Navalny is a staggering and utterly compelling documentary. The man himself says I want it to be told as a movie. He’s right that this story does feel like a movie, except that it is very real and the stakes are incredibly high, death.
It’s not like any documentary you’ve seen before. Ok, that’s not quite true but it is a mixture of thriller and suspense that are at times comical. However, the subject matter of this documentary Alexi Navalny is deadly serious in his mission to expose the treacherous and murderous nature of one, Vladimir Putin by going up against him as a presidential candidate. Navalny should know he was poisoned on the alleged orders of Putin using his signature poison, novichok. The scene where he talks to the men who failed to murder him is both comical and chilling.
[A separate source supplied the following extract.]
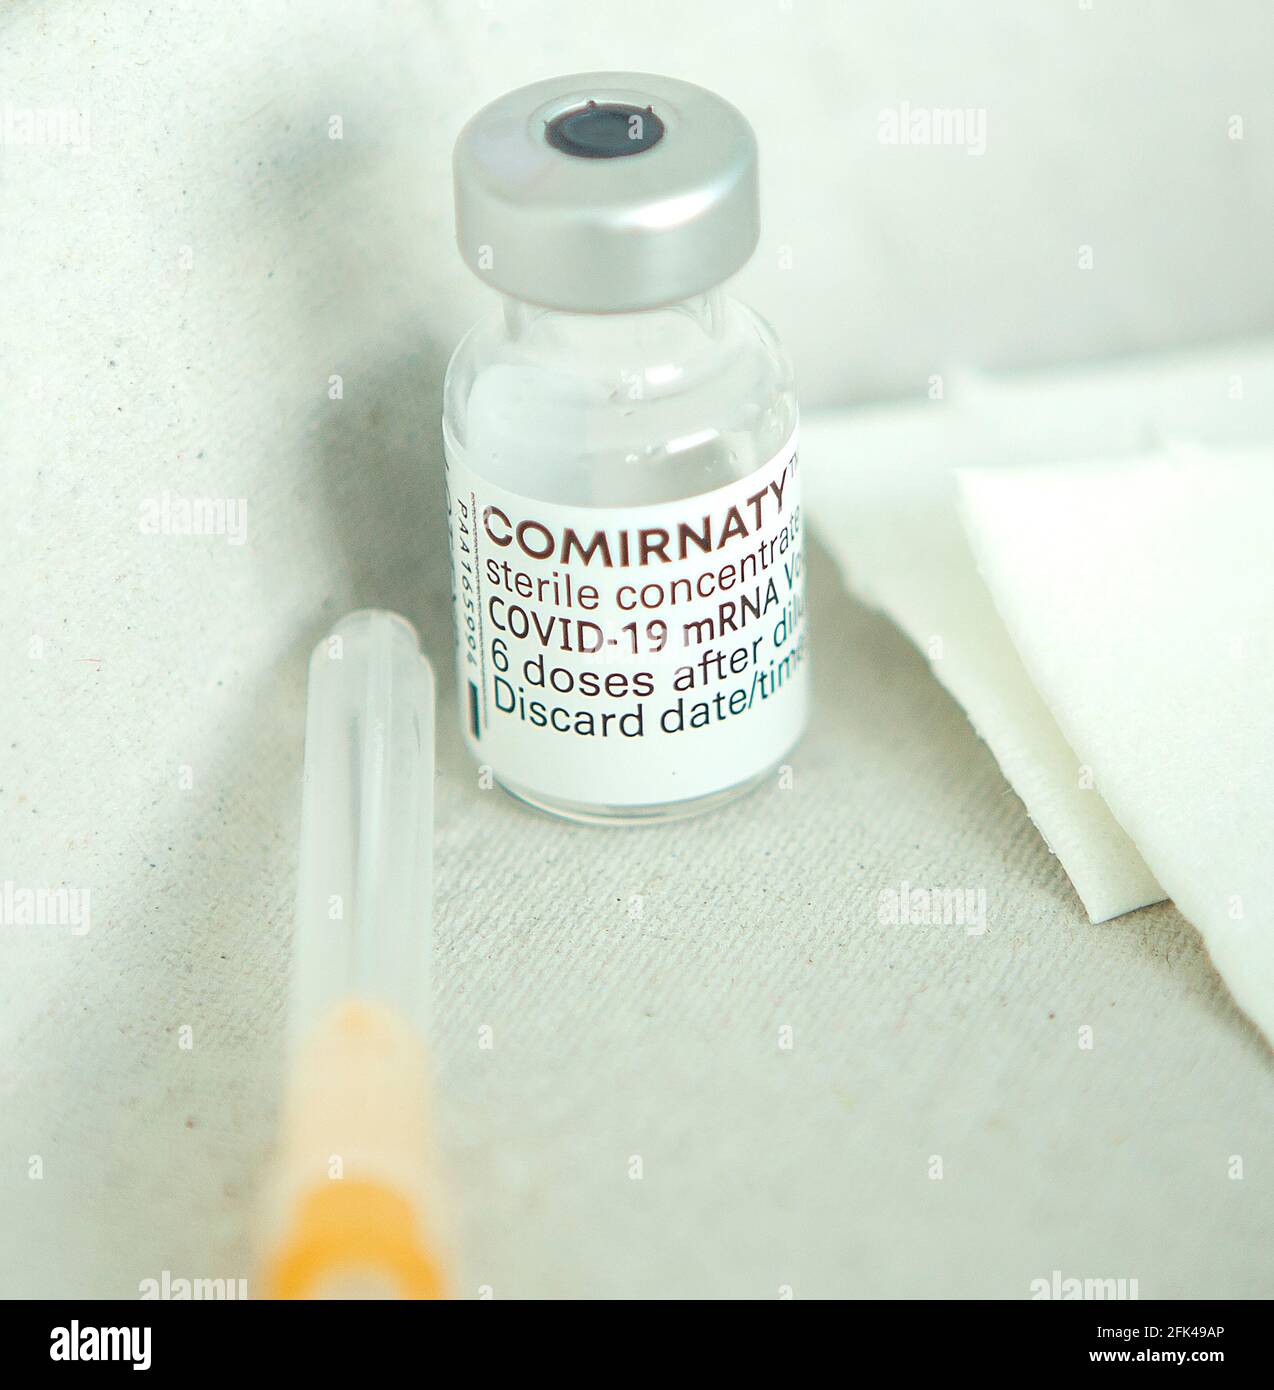 Impfung gegen Covid 19 / Corona mit dem Impfstoff von Biontech / Pfizer bei der Hausarztpraxis Dr. Ruf in Düsseldorf Foto Stock

What’s really good about this documentary is that it doesn’t sugarcoat who Navalny is and his past, including excerpts of him talking at far right rallies. I thought that a bold choice. Throughout the entire documentary, I kept changing my mind as to what I thought about the man, Navalny. Could this smooth talking and very charismatic man be too good to be true. In the age of social media, and the way in which he has used it to harness all the millions of supporters, could I trust my eyes? The answer came in the final 10 minutes, as he and his wife are flying back to Moscow after recuperating from the poison assassination attempt, anyone flying back to a possible fate worse than death, decades in prison, has to be believed. That’s why it is so important that people see this documentary.
NAVALNY will screen in Curzon cinemas on 12th April for a special one-day event and will be available on-demand followed by a UK wide release on 15th April.